Task statement | Copy the final lines exactly, starting at the one that contains "Elements of Design" and ending with the last line of the listing below. Pictures are not part of the copy.

Supplied information |
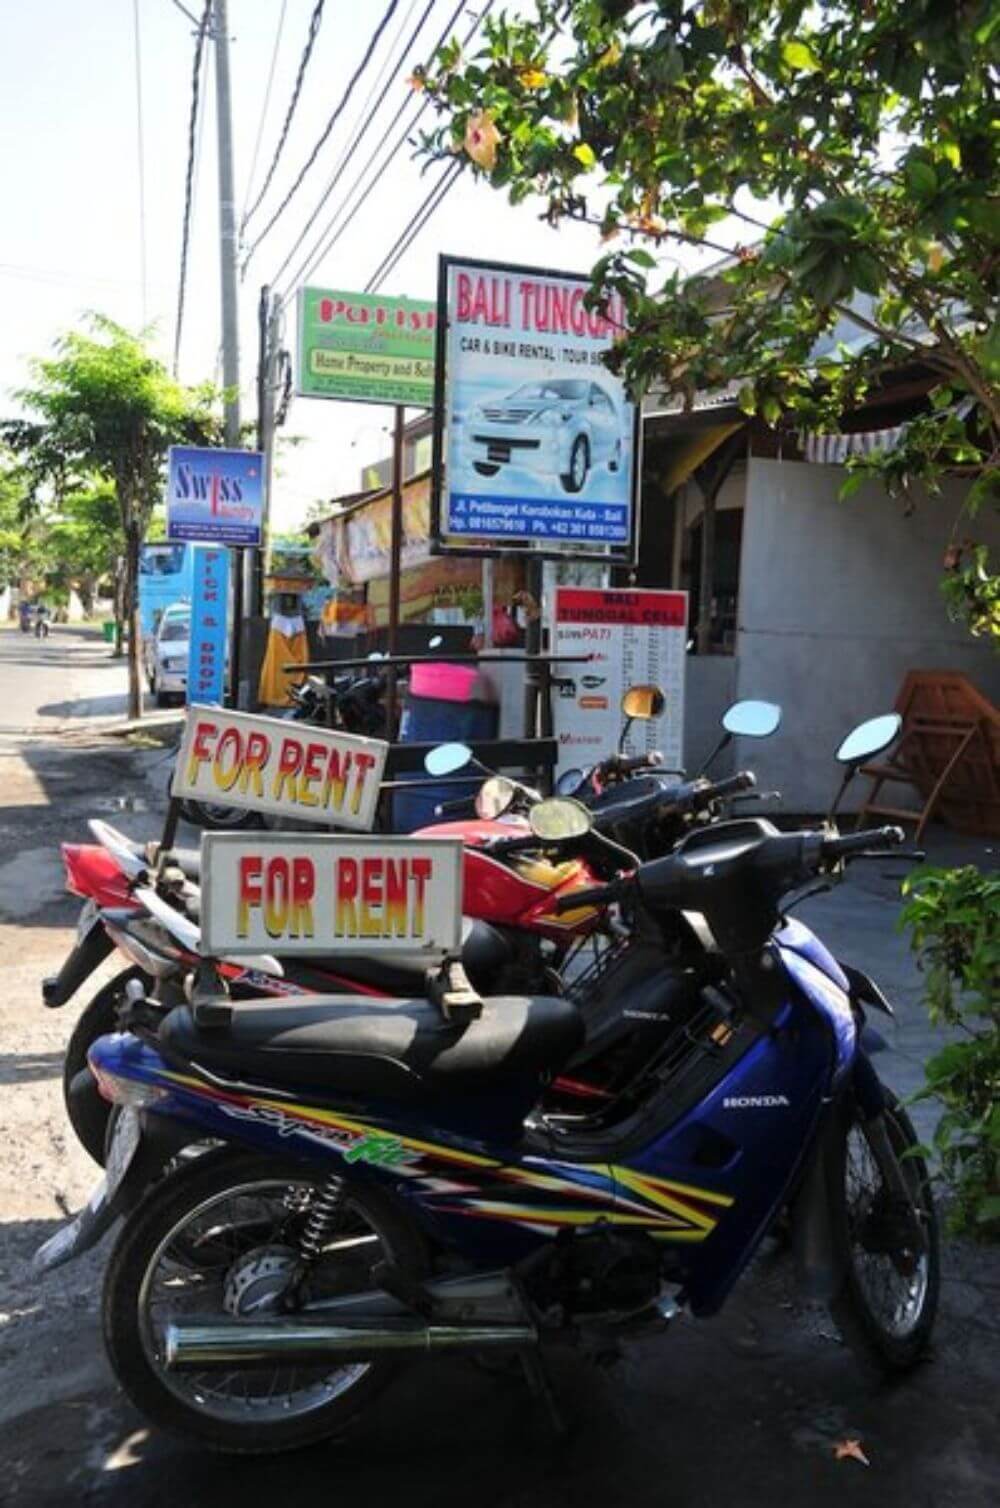 Scooters for rent in Bali, Indonesia
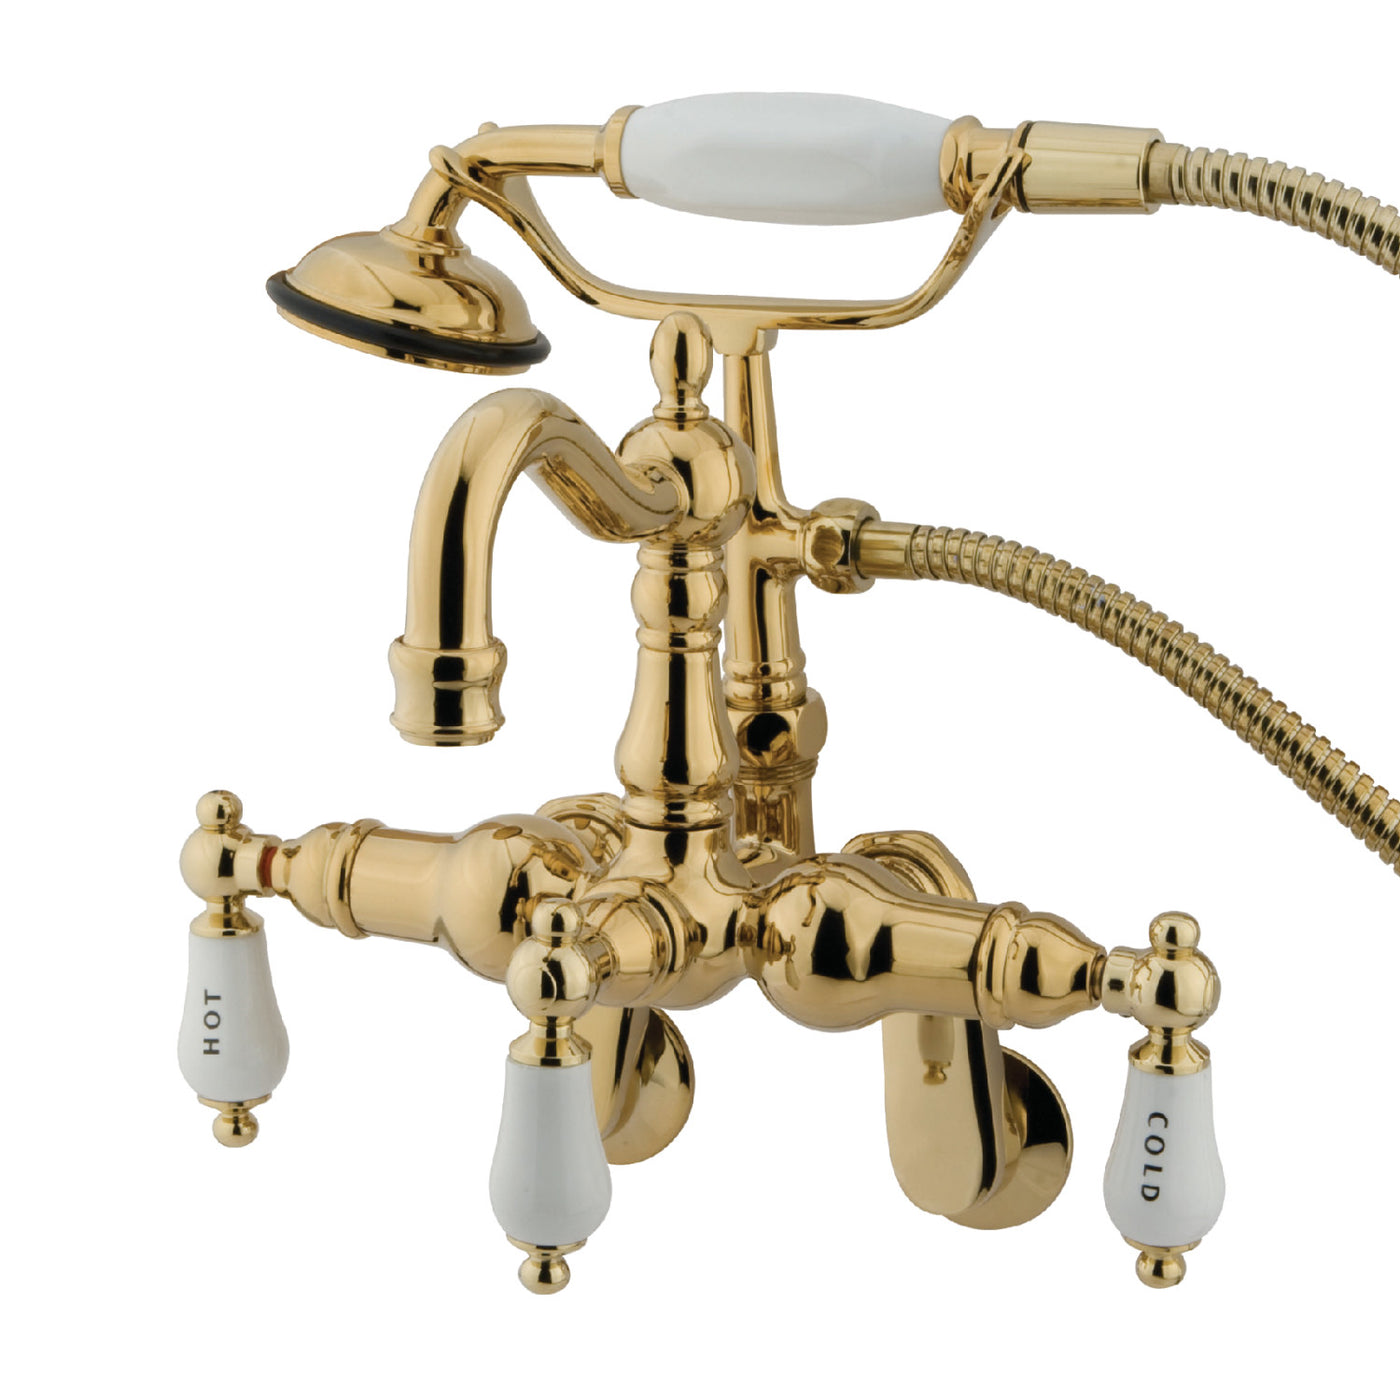 Elements of Design DT13012CL Adjustable Center Wall Mount Tub Faucet with Hand Shower, Polished Brass
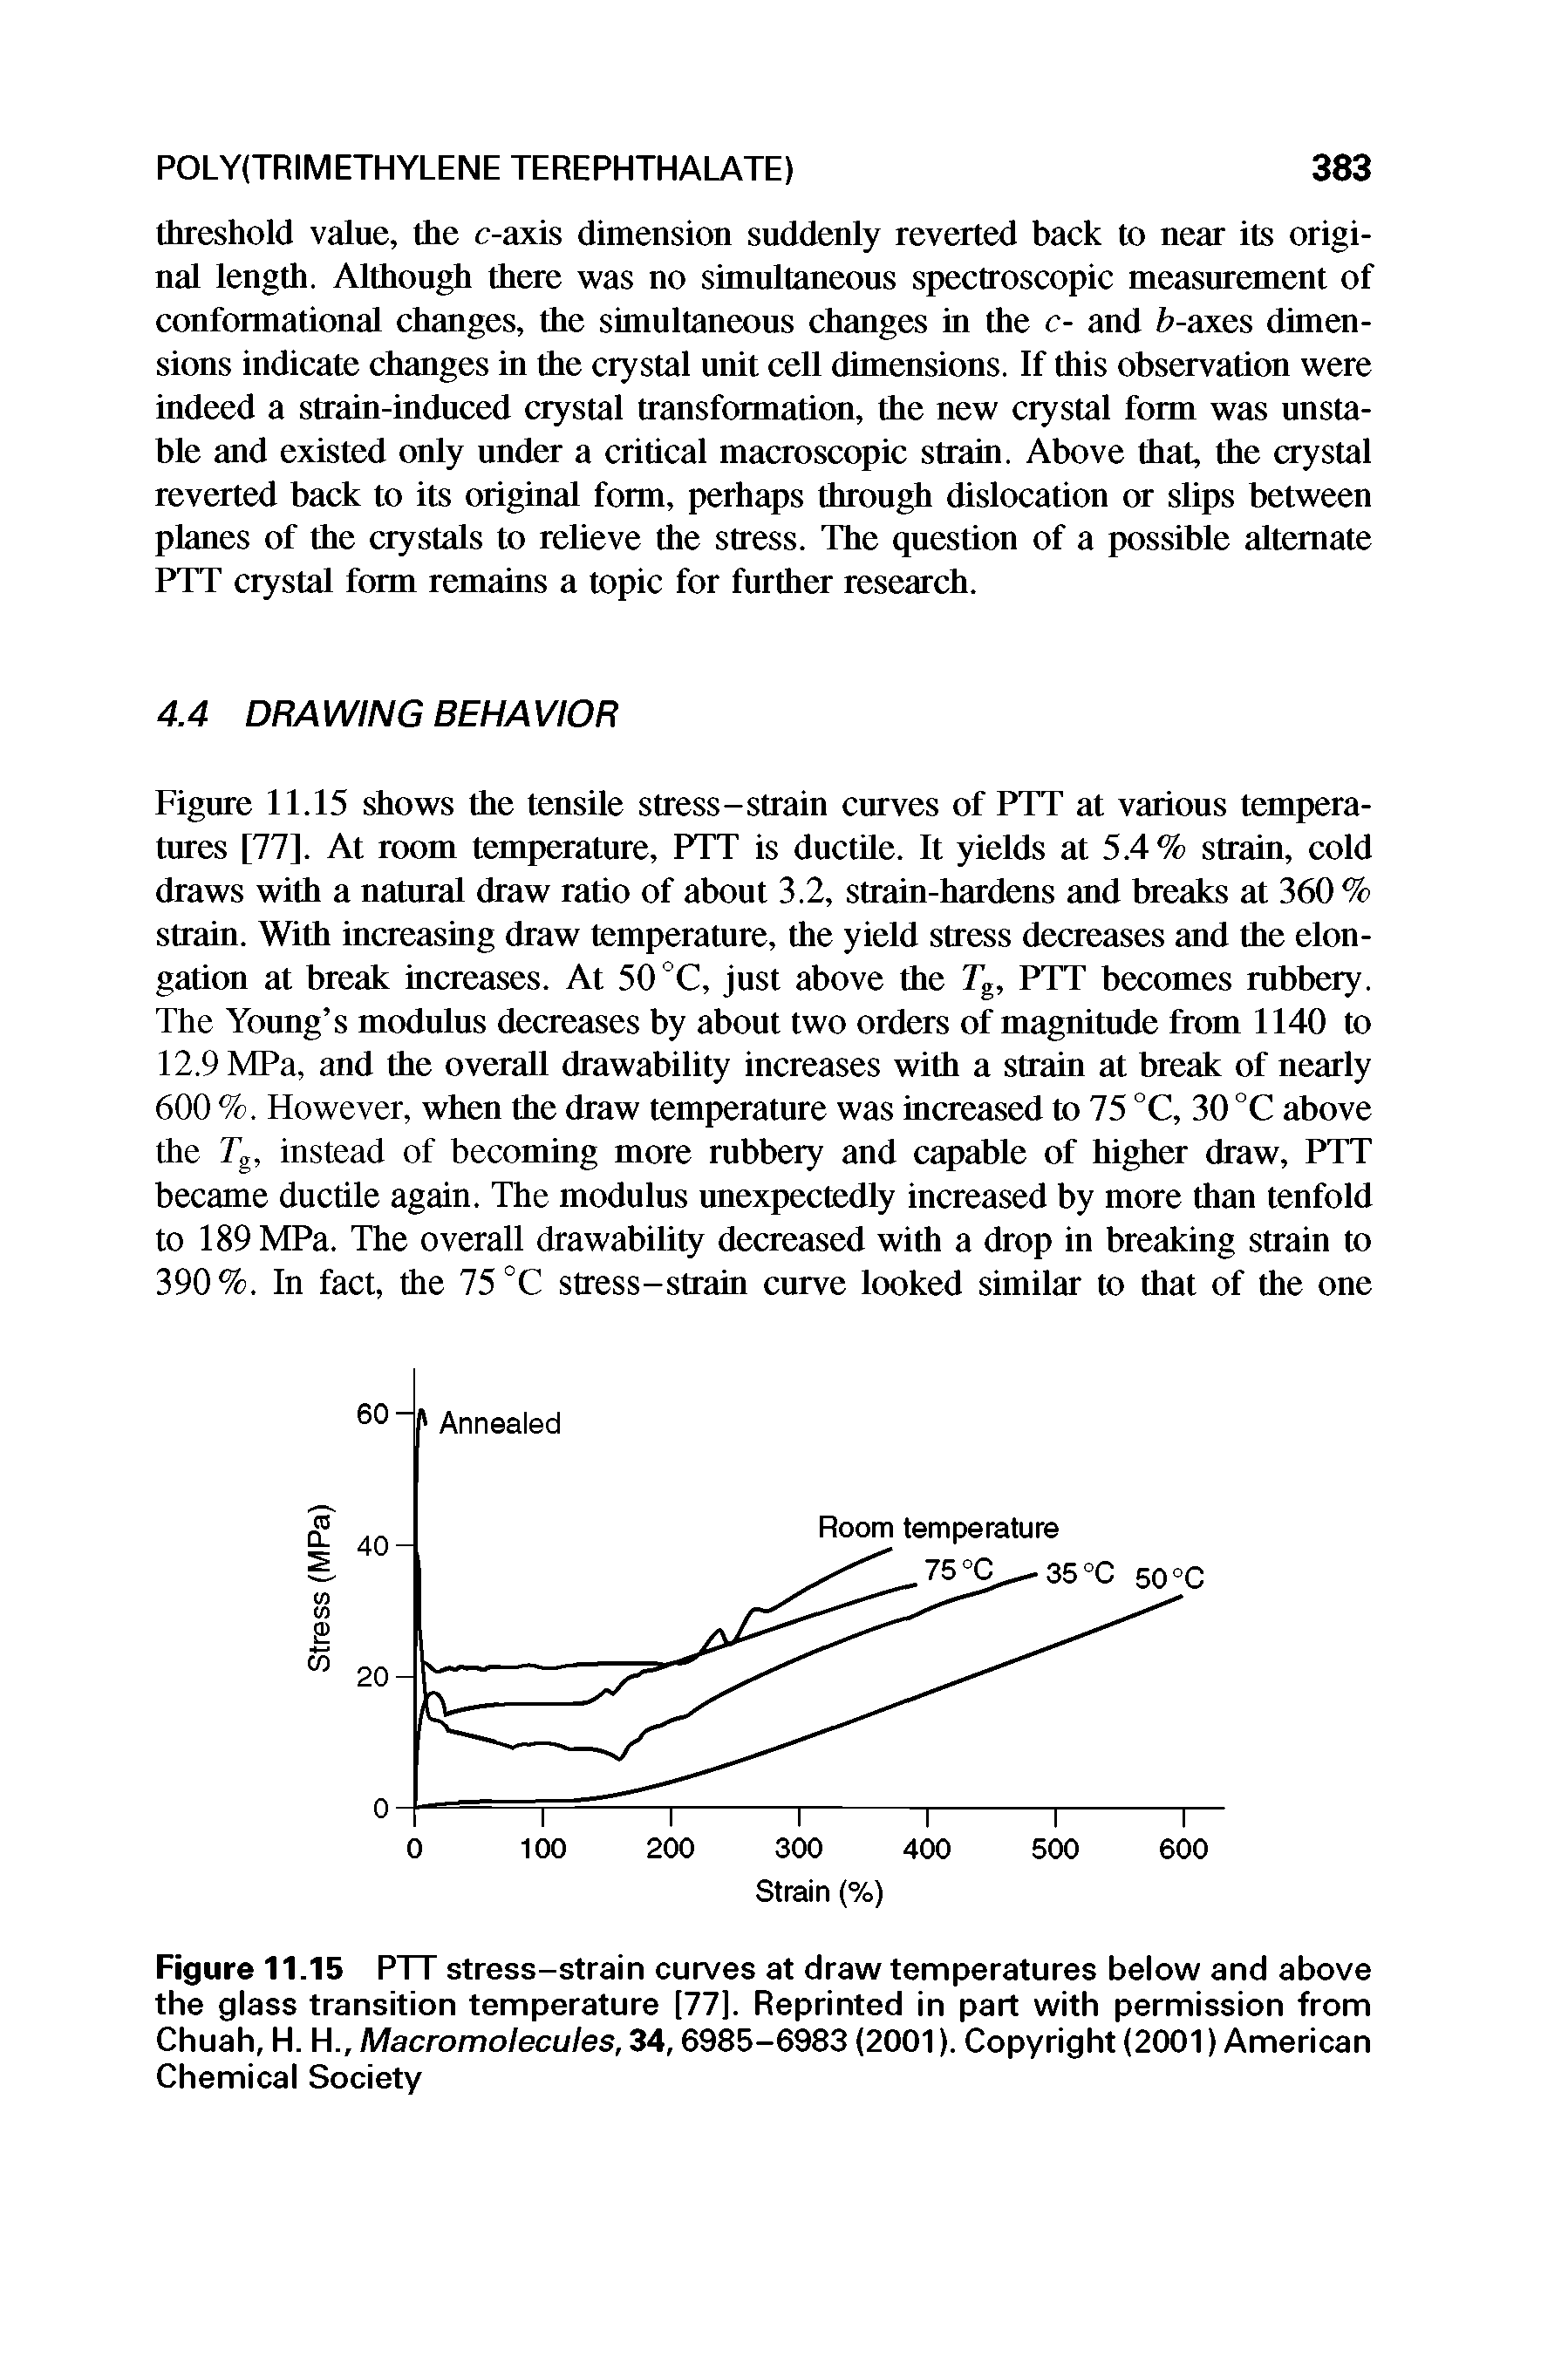 Figure 11.15 PTT stress-strain curves at draw temperatures below and above the glass transition temperature [77]. Reprinted in part with permission from Chuah, H. H., Macromolecules, 34,6985-6983 (2001). Copyright (2001) American Chemical Society...

Task result |
 Elements of Design DT13012CL Adjustable Center Wall Mount Tub Faucet with Hand Shower, Polished Brass
 Figure 11.15 PTT stress-strain curves at draw temperatures below and above the glass transition temperature [77]. Reprinted in part with permission from Chuah, H. H., Macromolecules, 34,6985-6983 (2001). Copyright (2001) American Chemical Society...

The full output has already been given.